Not long ago Watson et al. compared satellite sea-level data to estimates from tide gauges. They concluded that the satellite data show systematic drift, which is satellite-specific, most strongly affecting the first six years’ observations.
Of course land-based tide gauges require correction for the rise and fall of land itself, vertical land movement (VLM), and they used two methods to do so. One is based on a model of Glacial Isostatic Adjustment (GIA model based), another uses GPS estimates (GPS based). Both models suggest satellite drift, strongest early.
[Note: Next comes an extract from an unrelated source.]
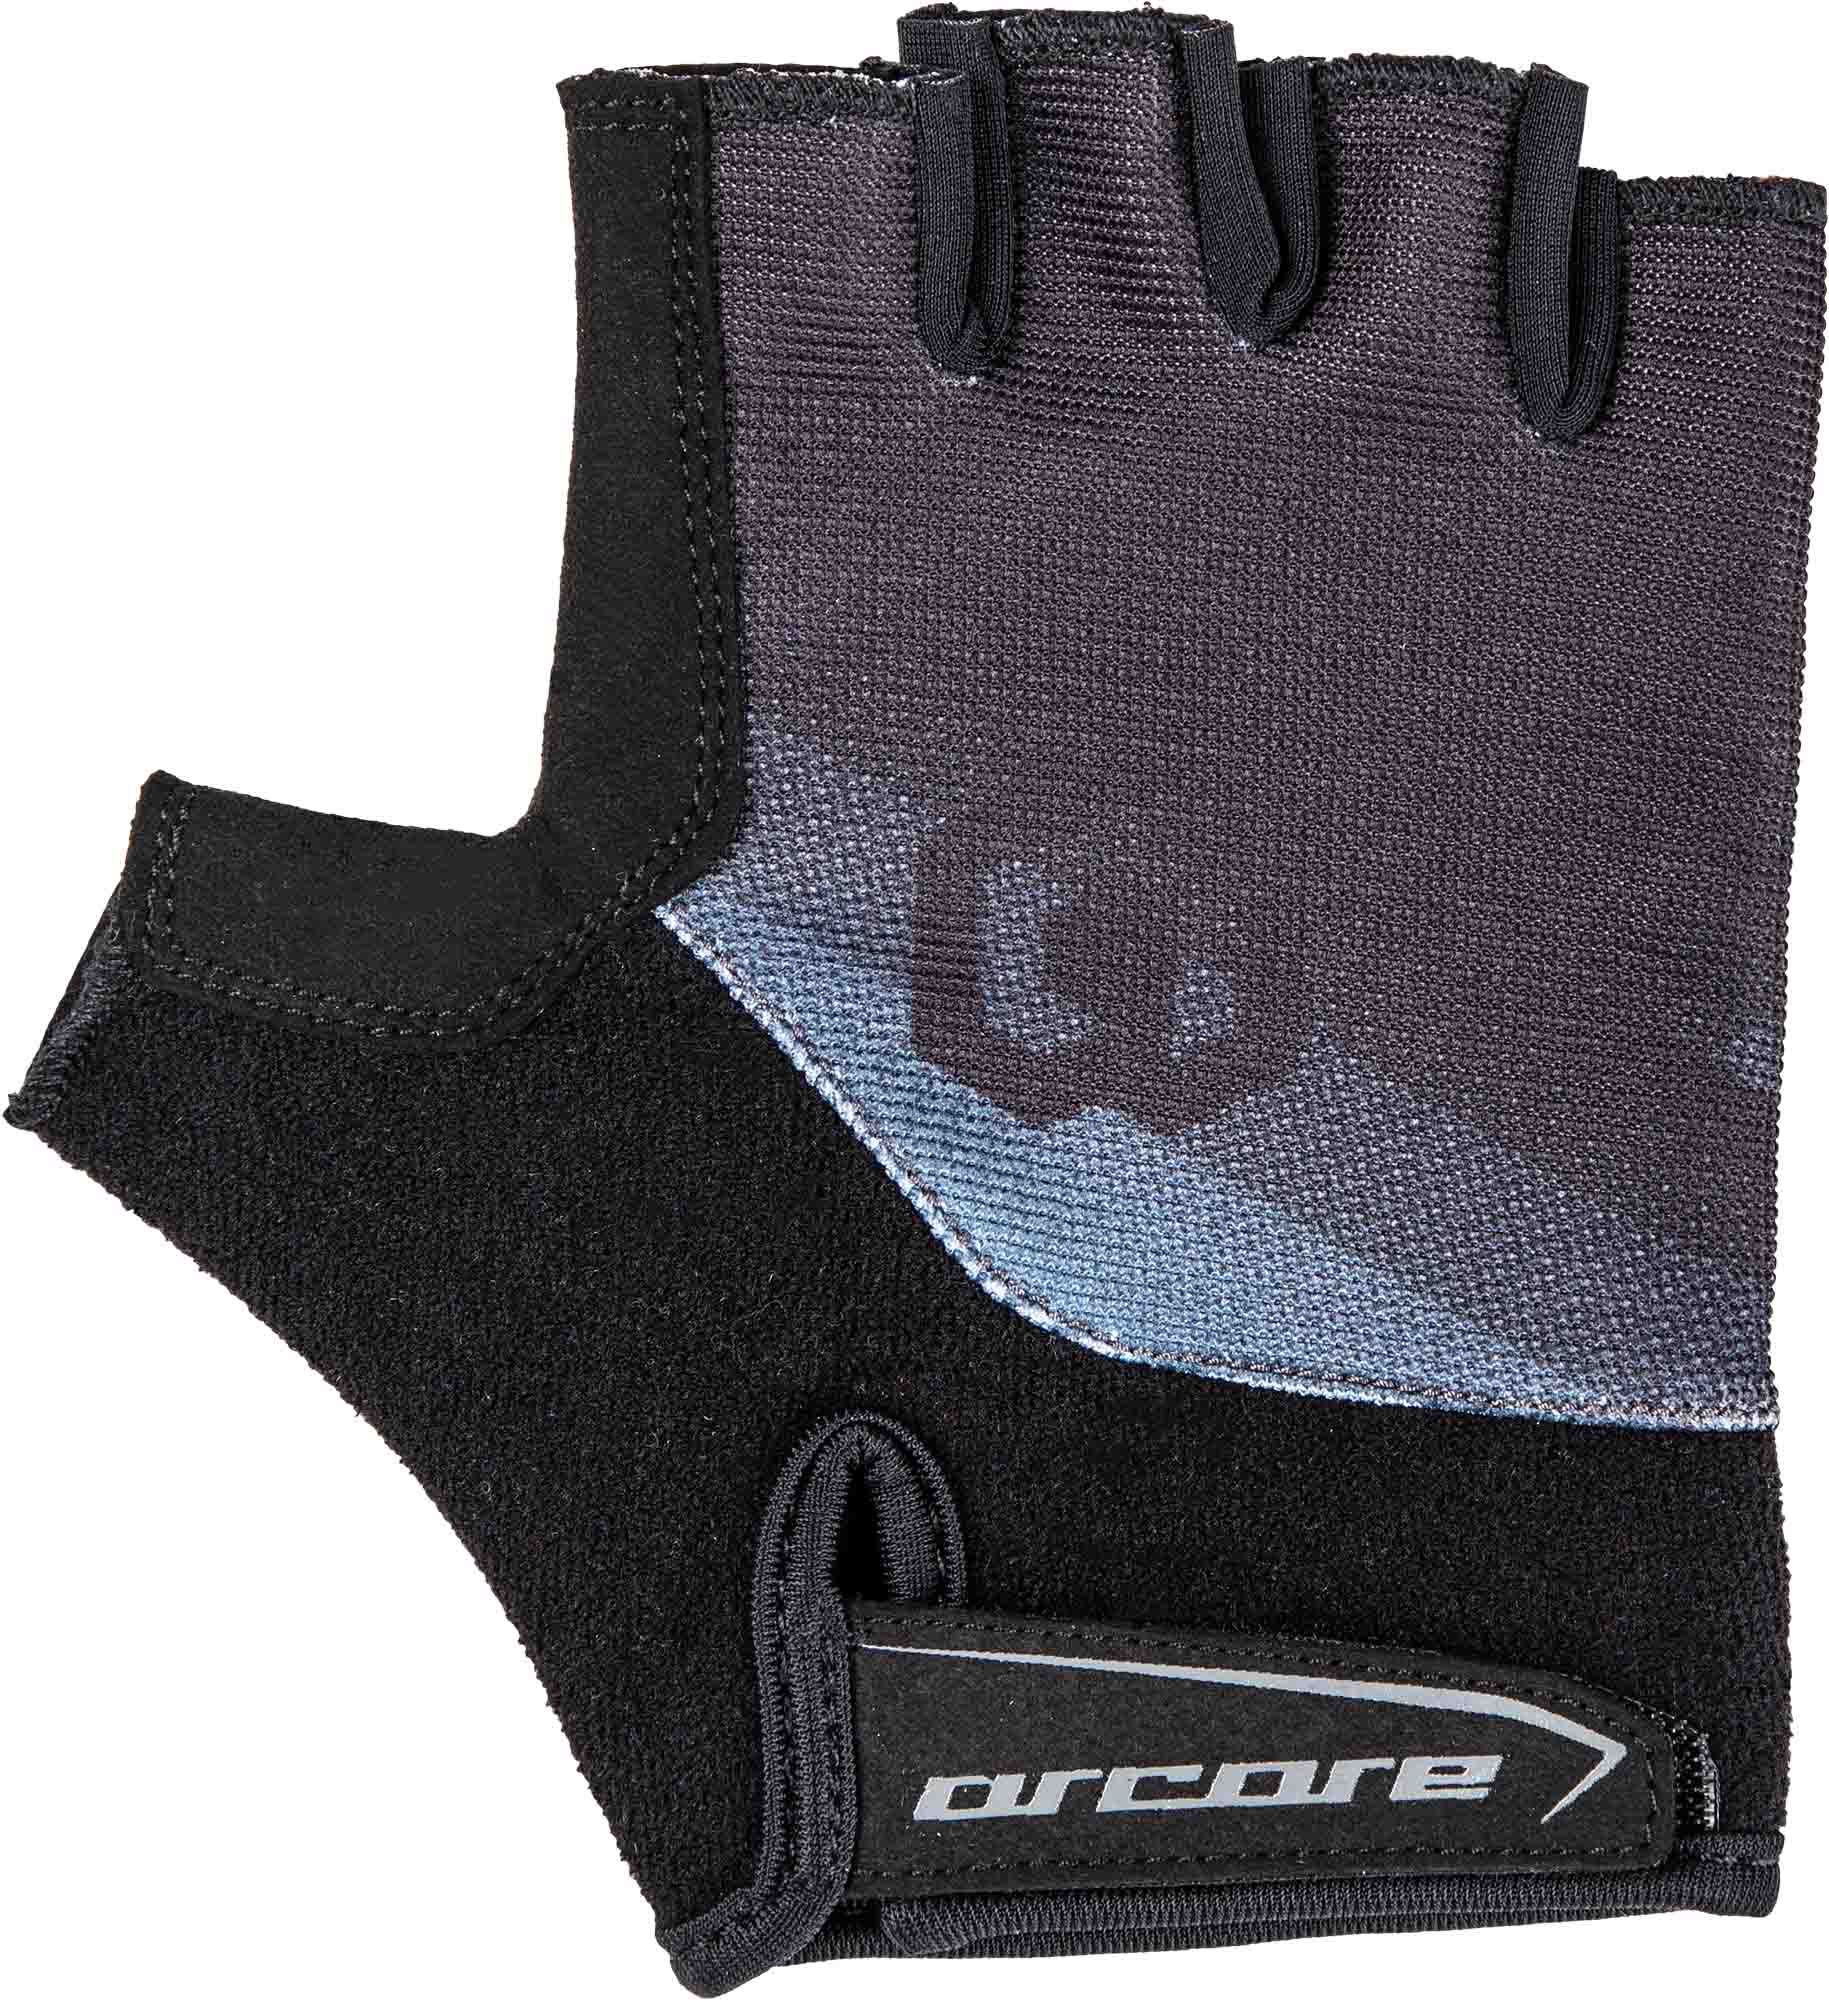 Short finger cycling gloves

On this basis they estimated an adjustment to correct for the systematic bias. Here are the revised data sets (in red and blue) compared to the un-adjusted (in black):
The revisions lower the overall rate of sea level rise; without them the estimate is about 3.4 mm/yr, but with GIA model based adjustment it’s only 3.1 mm/yr, with GPS based adjustment merely 2.8 mm/yr.
Just a few months ago Chen et al. applied more detailed trend analysis to the new data sets, using EEMD (Ensemble Empirical Mode Decomposition). They detect acceleration of sea level rise in the revised satellite data, and note that known sources of sea level rise have increased, especially melt from the Greenland Ice Sheet.
What I find fascinating is to remove the estimated linear trend from these data and look at what’s left over — the residuals. If I do this with the un-adjusted data, I see this departure from its straight-line pattern:
I could make a good argument that these data show both acceleration (recently) and deceleration (earlier), while I’d also argue they could be random flucutations at longer time scales. But the same analysis — subtract the linear trend to examine the residuals — using GIA model based bias adjusted data shows this:
Acceleration is still there but the early deceleration isn’t. Here’s the GPS based bias adjusted data:
It tells the same story: strong acceleration recently but little if any deceleration early on.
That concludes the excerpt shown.